Would a Biden administration, come January, roll back some of Trump’s nuke modernization plans?
The Democrats, in general, seek a safe, secure, and effective nuclear deterrent for the United States and America’s allies at an affordable cost. Although there was a loose bipartisan consensus for the modernization program, there are some components that may be revisited. For example, the ICBM replacement, the ground based strategic deterrent, could be forsook for another life extension of Minuteman III, which may save some cost. I do think certain capabilities, such as the low yield SLBM and the nuclear sea launch cruise missile, could be rolled back. But those are not so much part of the modernization program as particular capabilities that the Trump administration believed filled a “deterrent” gap, which I suspect many in a Biden administration remain unconvinced ever existed
To your mind, have India and Pakistan learnt the wrong lessons about escalation after India’s February 2019 Balakot air strikes and Pakistan’s retaliatory action?
I hesitate to judge what lessons either side may have privately taken away from Balakot, but at least publicly both sides seem to underestimate the role that pure luck played in keeping the crisis from further escalating.
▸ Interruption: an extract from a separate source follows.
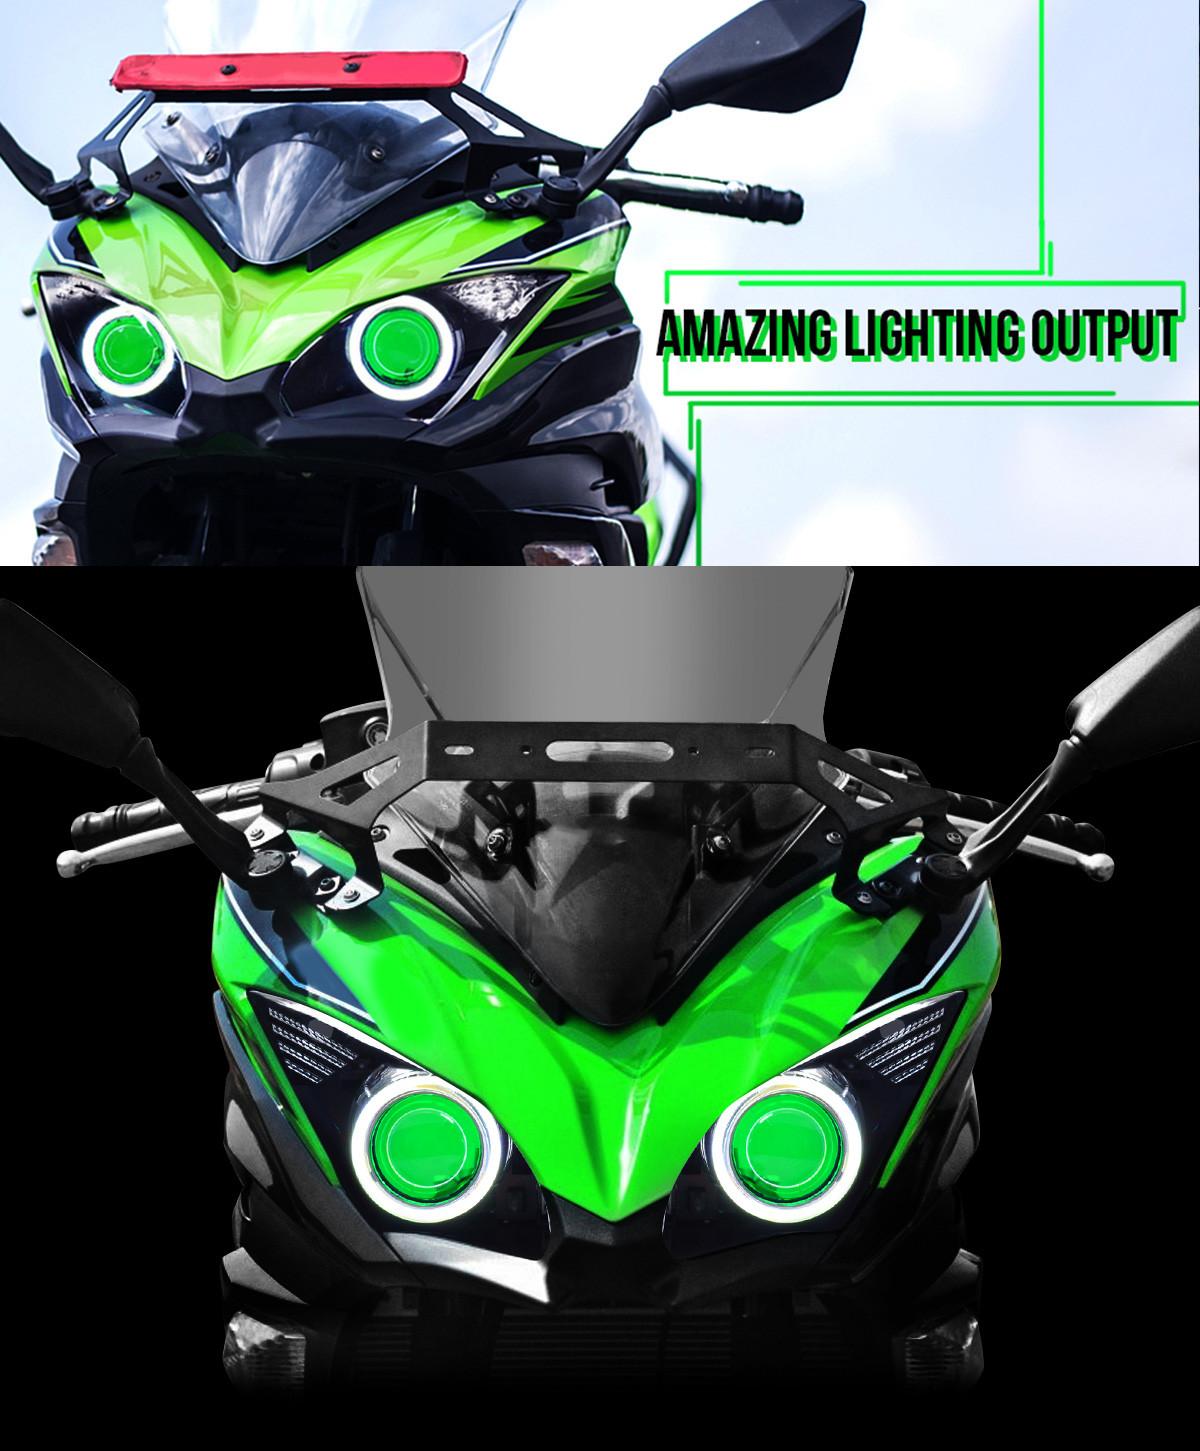 2017+ kawasaki Ninja650 headlight
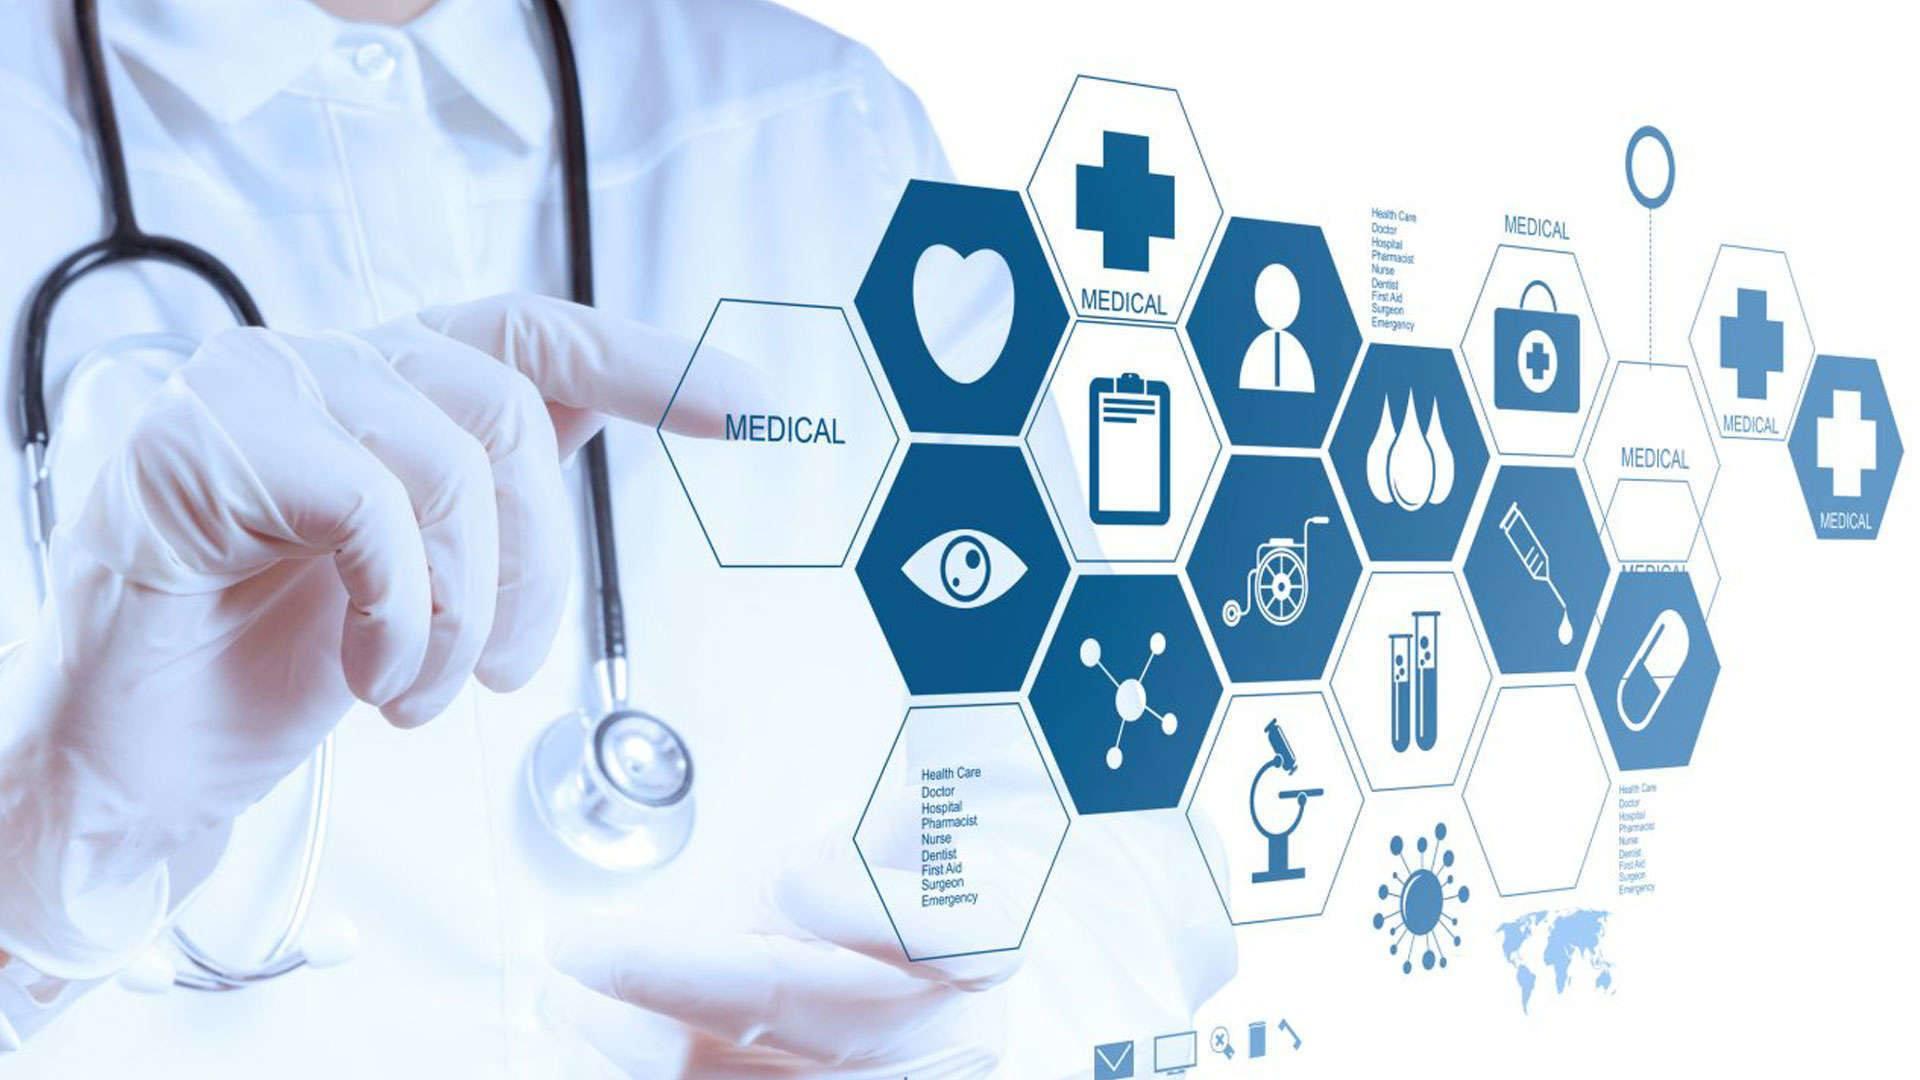 digital marketing in medical industry

I think, for example, that if Indian fighter pilot Abhinandan Varthaman had been killed when his MiG-21 was shot down, or if he had died in Pakistani custody, or if there was a delay in his return and Prime Minister Narendra Modi carried out an alleged surface-to-surface missile strike, the crisis could have quickly escalated as domestic political pressure to hit back boiled over. Even in this case, where neither state wanted a broader war, both sides do seem to underestimate the risk that they came very close to stumbling into one. In general, India’s frustration with Pakistan’s continued use of terror against the Indian homeland is leading it to see how far it can “push the line” against another nuclear weapons power. That frustration is understandable, but it does not mean that pushing the line is risk-free.
I am disappointed you did not ask me about my hobby horse: the sanctity of India’s No First Use (NFU) declaration! At this point, no one believes the absoluteness of India’s NFU declaration — though it sort of remains official doctrine — including, most importantly, India’s government itself.